Lo que Blackie me enseñó
Un accidente doméstico común en los ancianos, una caída en el baño, el miércoles pasado, me dejó parecido a la caracterización de Lon Chaney en El fantasma de la Ópera de 1925. No pude participar, por lo tanto, del homenaje que en esa tarde se rendía a Blackie en el Maipo. Dedico entonces esta columna a la evocación de esa mujer extraordinaria, a la que conocí cuando Jacobo Timerman me envió a entrevistarla para Primera Plana, a comienzos de los años 60. Confieso que nunca asistí a sus recitales de negro spirituals y blues; yo era muy joven por entonces (años 30, 40) y la vi por primera vez en 1942, creo, en Si Eva se hubiese vestido .
Blackie (o sea, Paloma Efrom) vivía en una casa de departamentos, de inevitable estilo francés, en la avenida Córdoba entre Uruguay y Paraná, o por ahí. Yo había oído de su trato austero y su severidad y lo comprobé cuando me ordenó, apenas di el primer paso, que me calzara los patines de fieltro que mantenían el parquet inmaculado. No volví a verla hasta años después, cuando vivía en Santa Fe ¿y Anchorena? (no recuerdo bien) y me citó para ofrecerme reemplazar, en su programa de Radio Continental, por un tiempo a Bernardo Ezequiel Koremblit, que se iba de viaje. Acepté, no sin cierta alarma: yo había hecho algo de radio con el malogrado Miguel Ángel Merellano y con Antonio Carrizo, pero Blackie, dada su personalidad, me sonaba a mayor desafío. Me convenció mi amiga y colega Giselle Casares, que colaboraba en ese programa.

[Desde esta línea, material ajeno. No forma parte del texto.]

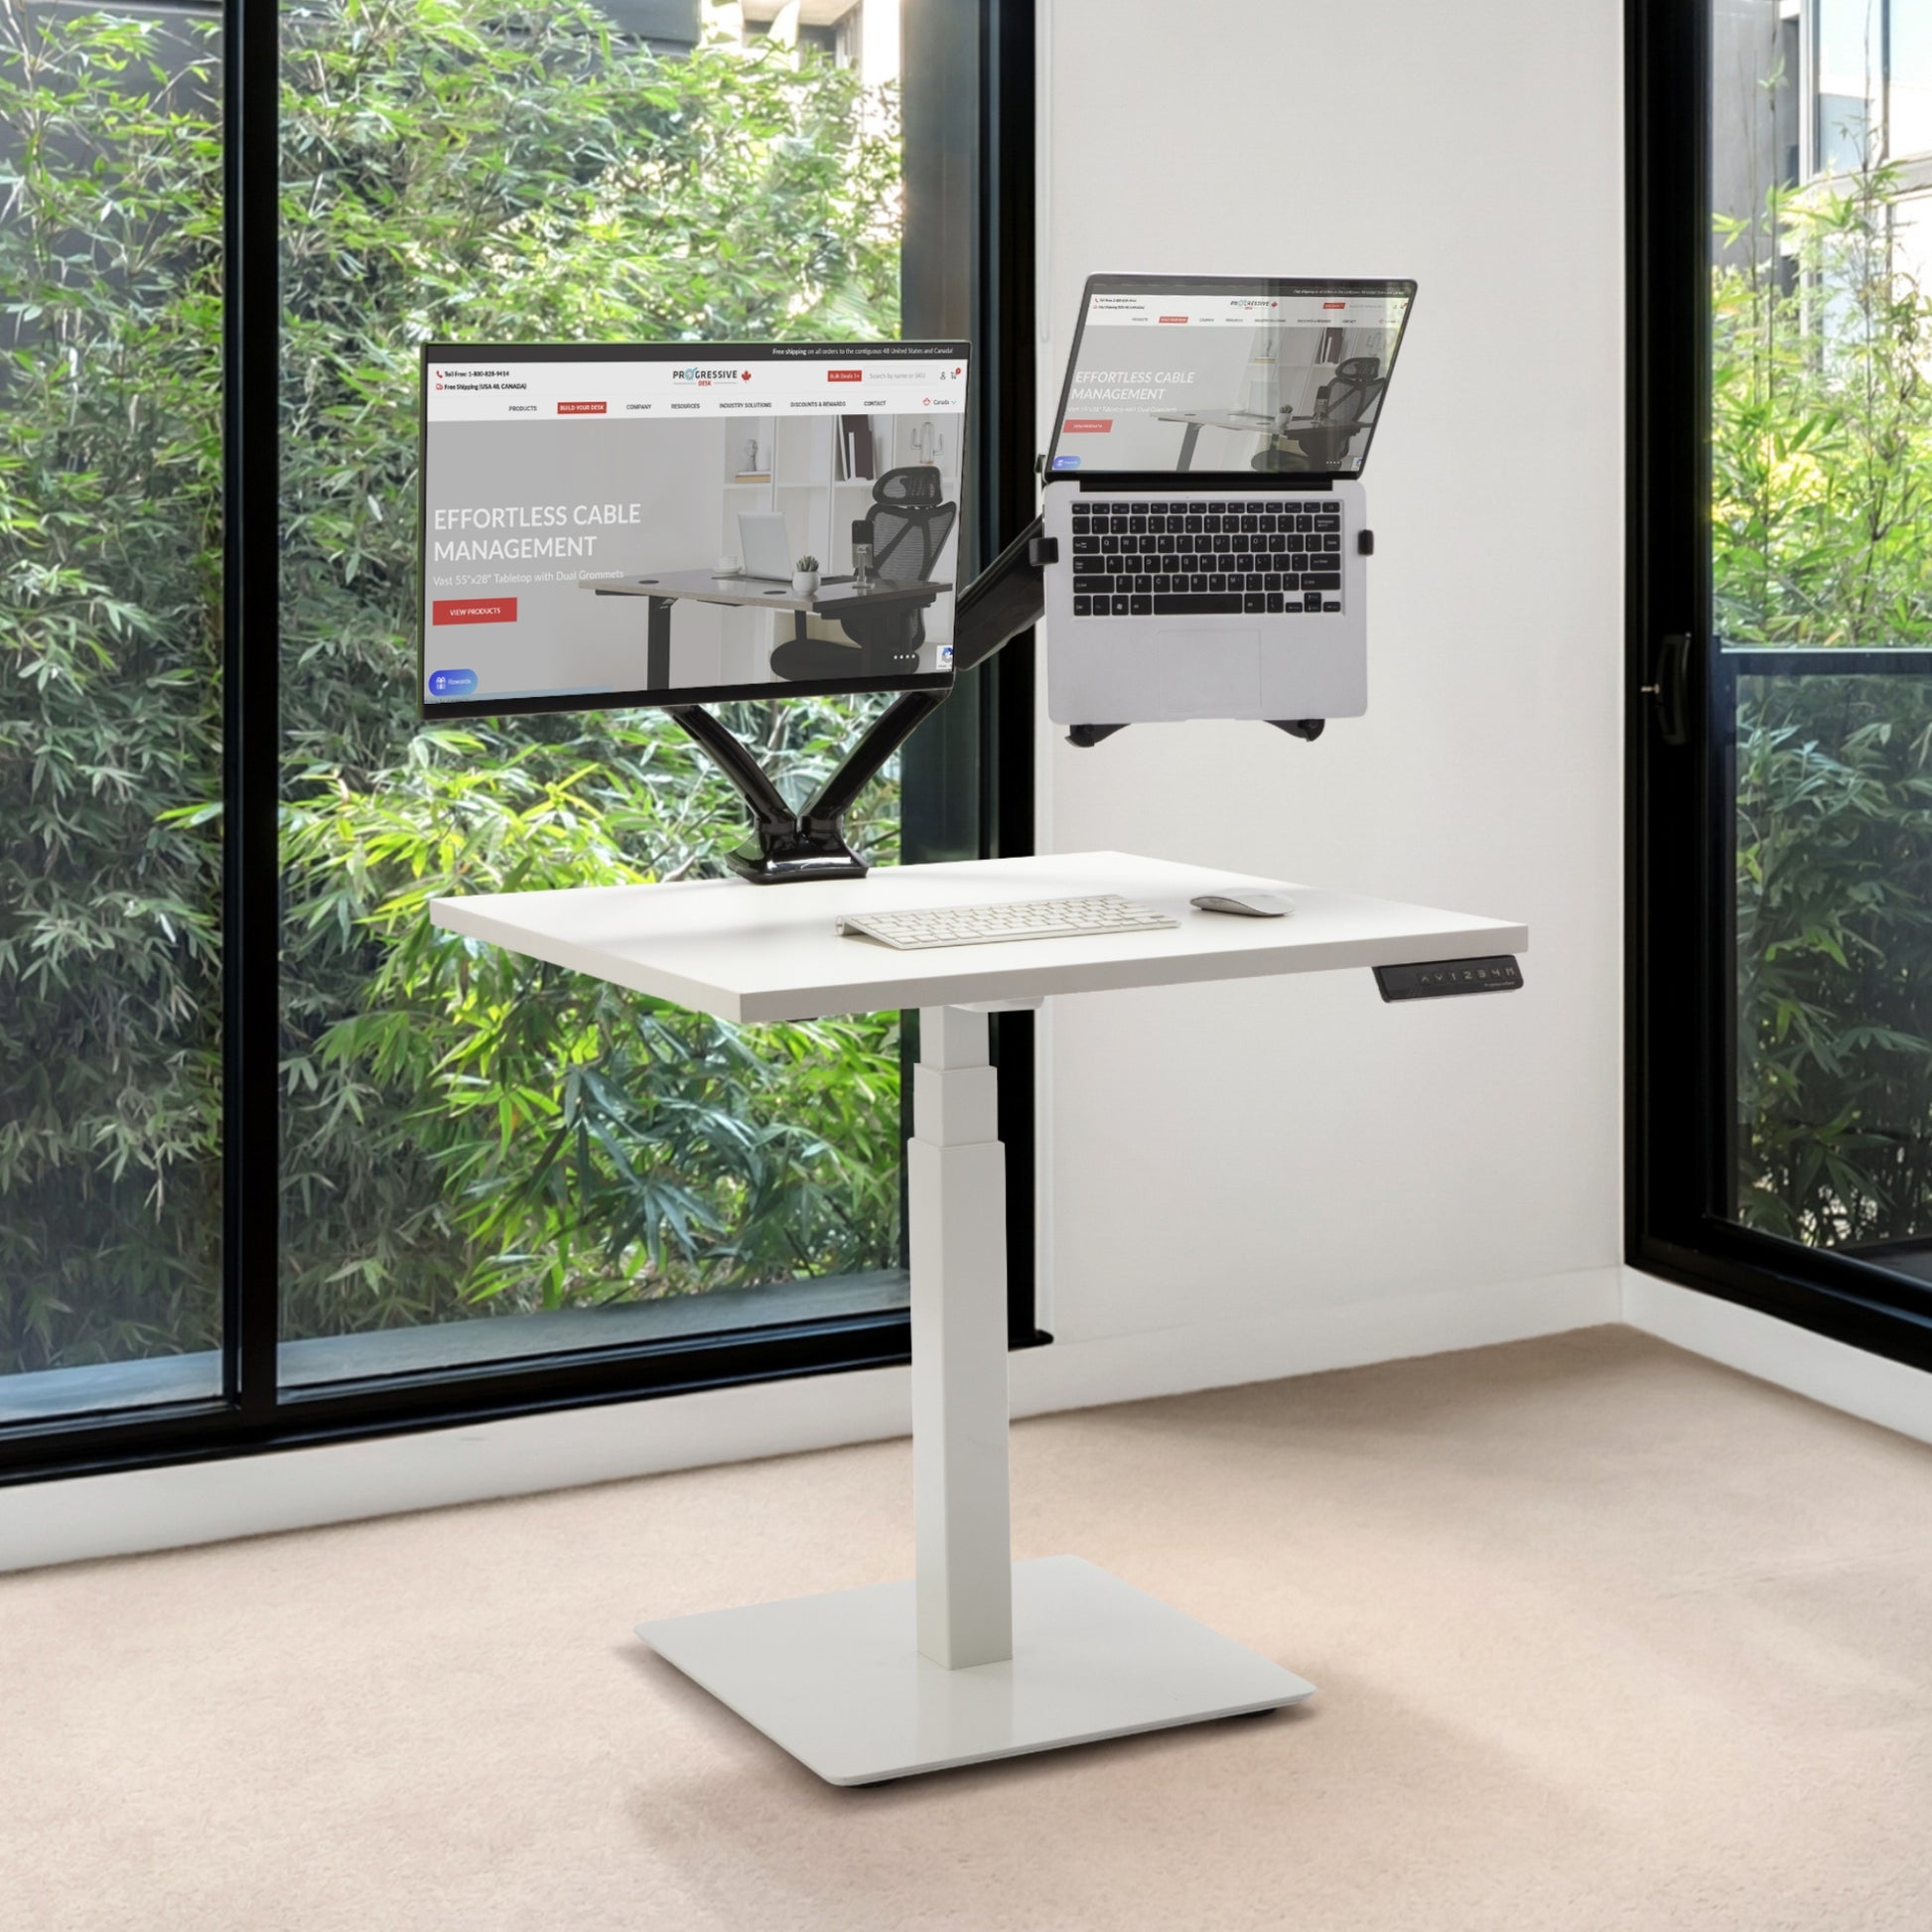 Small Ergo Height Adjustable Standing Desk Converter White - True Seating

Nunca olvidaré la primera tarde, cuando ella me preguntó qué estaba leyendo. Era una semblanza de Schliemann, el descubridor de Troya y sus tesoros, y de cómo había resucitado a la ciudad dela Ilíada . Conté esa historia y Blackie comenzó a desgranar sus comentarios, a hacerme preguntas. Cuando terminó el espacio, advertí que, increíblemente, en un programa radial de la tarde habíamos comentado un episodio que aparentemente no debía interesar a muchos y, sin embargo, el teléfono de la radio no paraba de registrar la reacción favorable de los oyentes. Primera enseñanza: la cultura interesa a mucha gente, cuando se tiene la habilidad de hacerla interesante. En sucesivas emisiones comprobé la destreza con que Paloma resolvía los mil problemas que pueden surgir a cada rato frente al micrófono. En un gran portafolios, una especie de bolsa insondable, guardaba infinidad de recortes, anotaciones, libros, que en cualquier momento cubrían la ausencia de un invitado, o la accidental falla de un colaborador. Segunda enseñanza: estar siempre preparado para una eventualidad cuando se enfrenta al público.

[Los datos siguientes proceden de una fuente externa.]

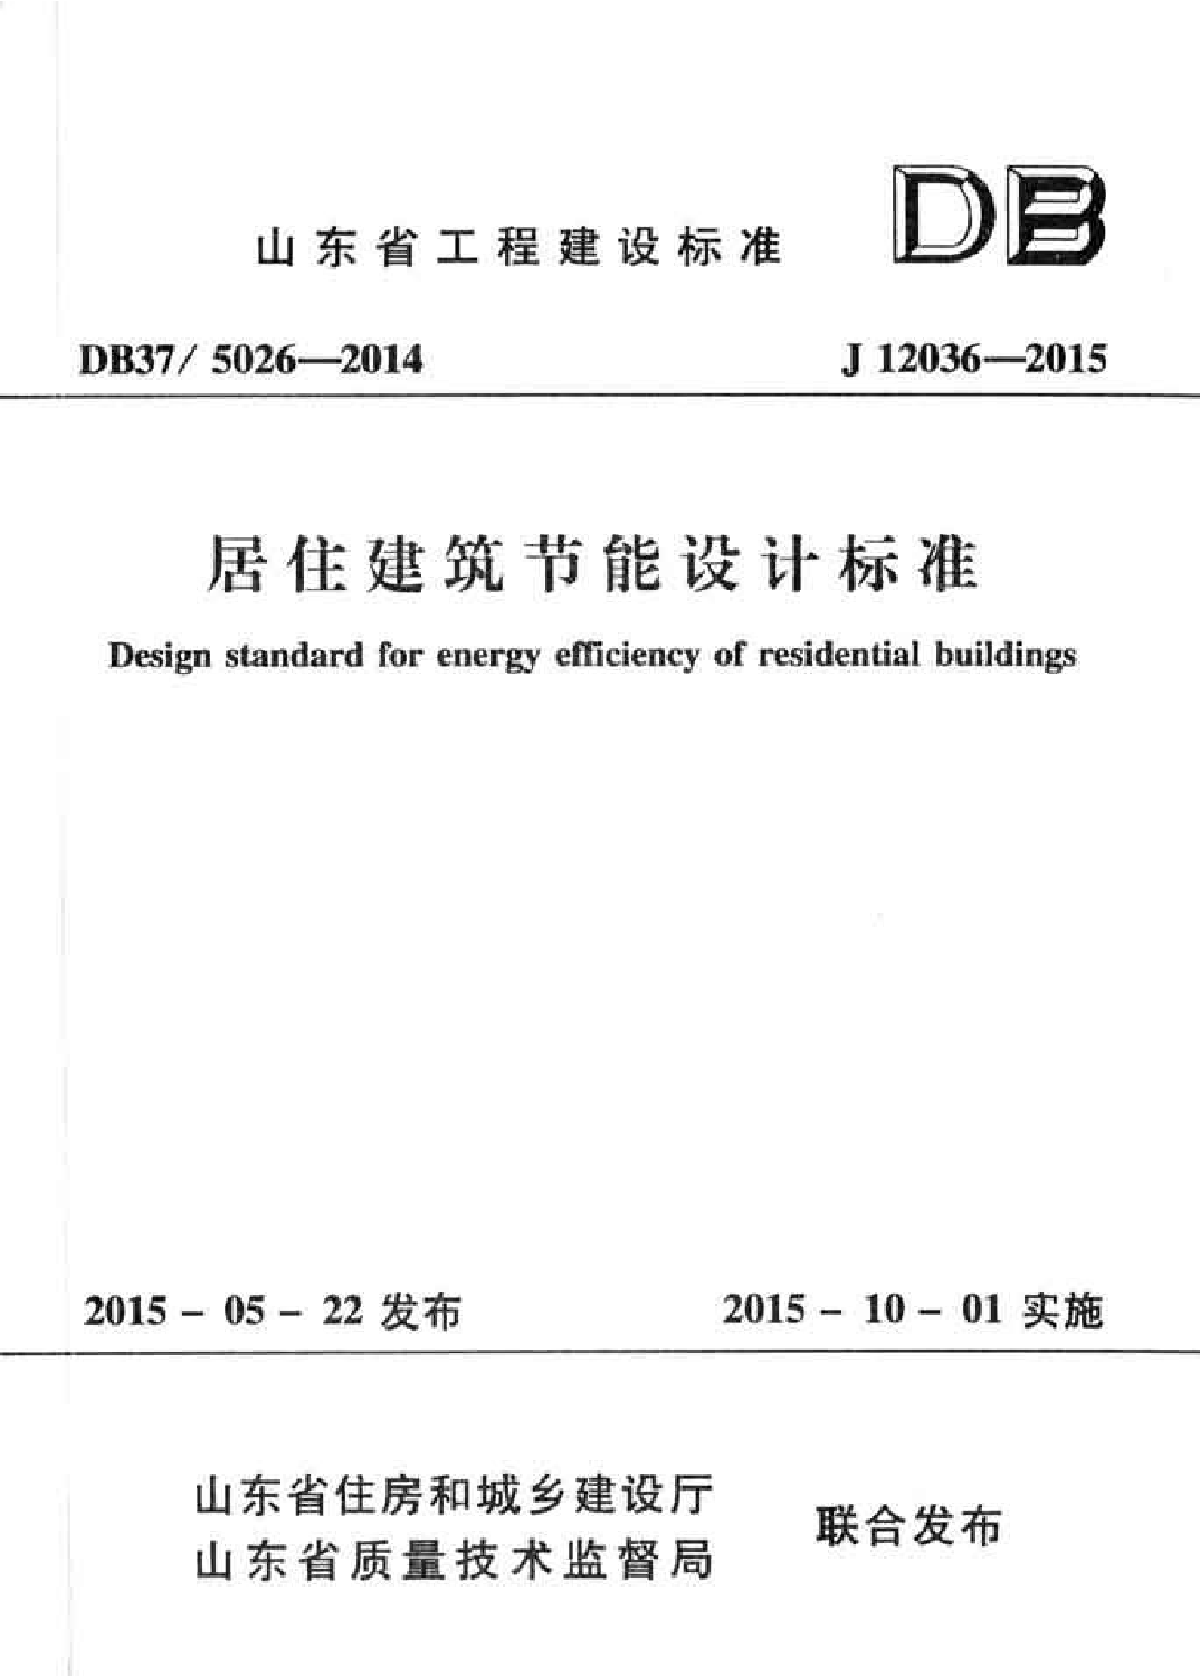 DB375026-2014山东省居住建筑节能设计标准

¿Qué no le interesaba a esa mujer de voz grave, ceño severo y una oculta ternura, que a veces dejaba asomar en una leve caricia, en una inesperada sonrisa? Culta, lectora incansable, tenía sentido del humor y se preocupaba de verdad por los problemas del prójimo.

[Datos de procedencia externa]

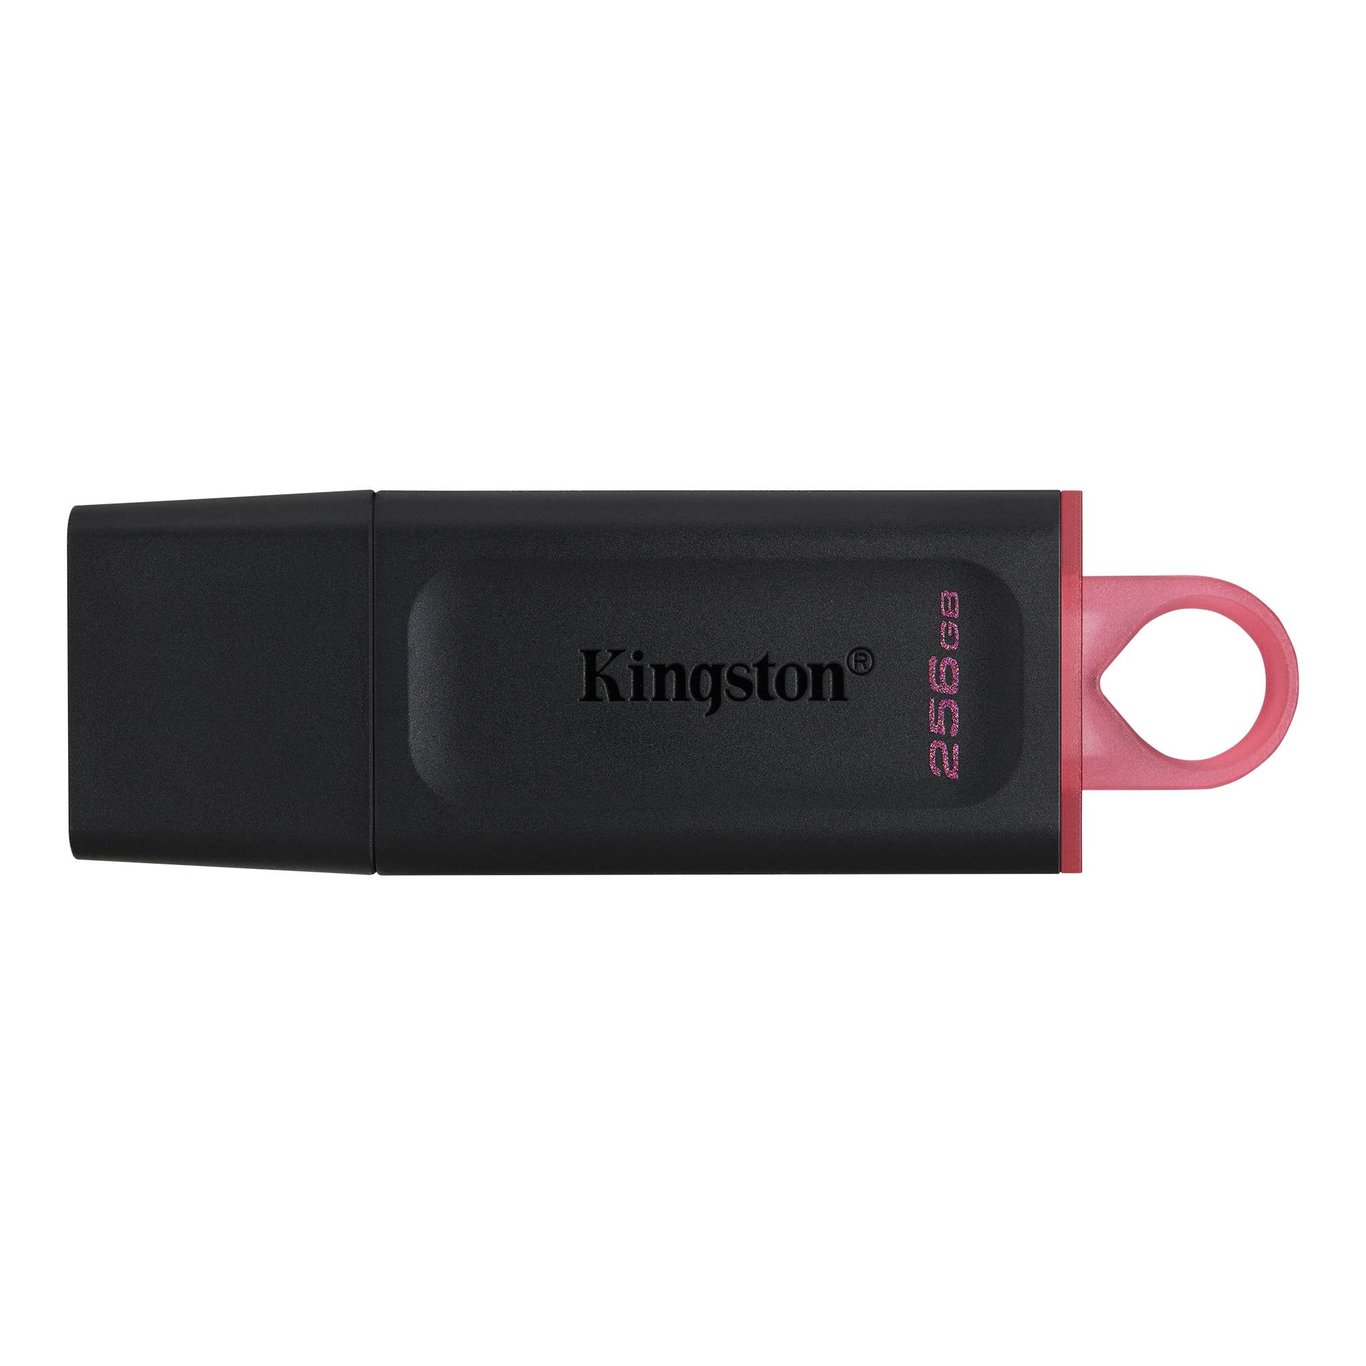 Kingston DataTraveler Exodia USB 隨身碟 - 256GB

Dos imágenes inolvidables: cuando estábamos creo que en Splendid, en una tarde de lluvia feroz, el portero de la radio la llevaba en brazos hasta el taxi que la esperaba en la puerta (ya no se sentía bien). Y, en la época de Continental, yo entro al Tortoni por la puerta de Rivadavia y la veo en una mesa lejana, tan menuda y frágil, sumergida en la lectura, rodeada de libros y papeles. Sentí que estaba muy sola, pese al afecto de tantos: acaso en esa soledad estaba su fuerza, como lo quería Ibsen.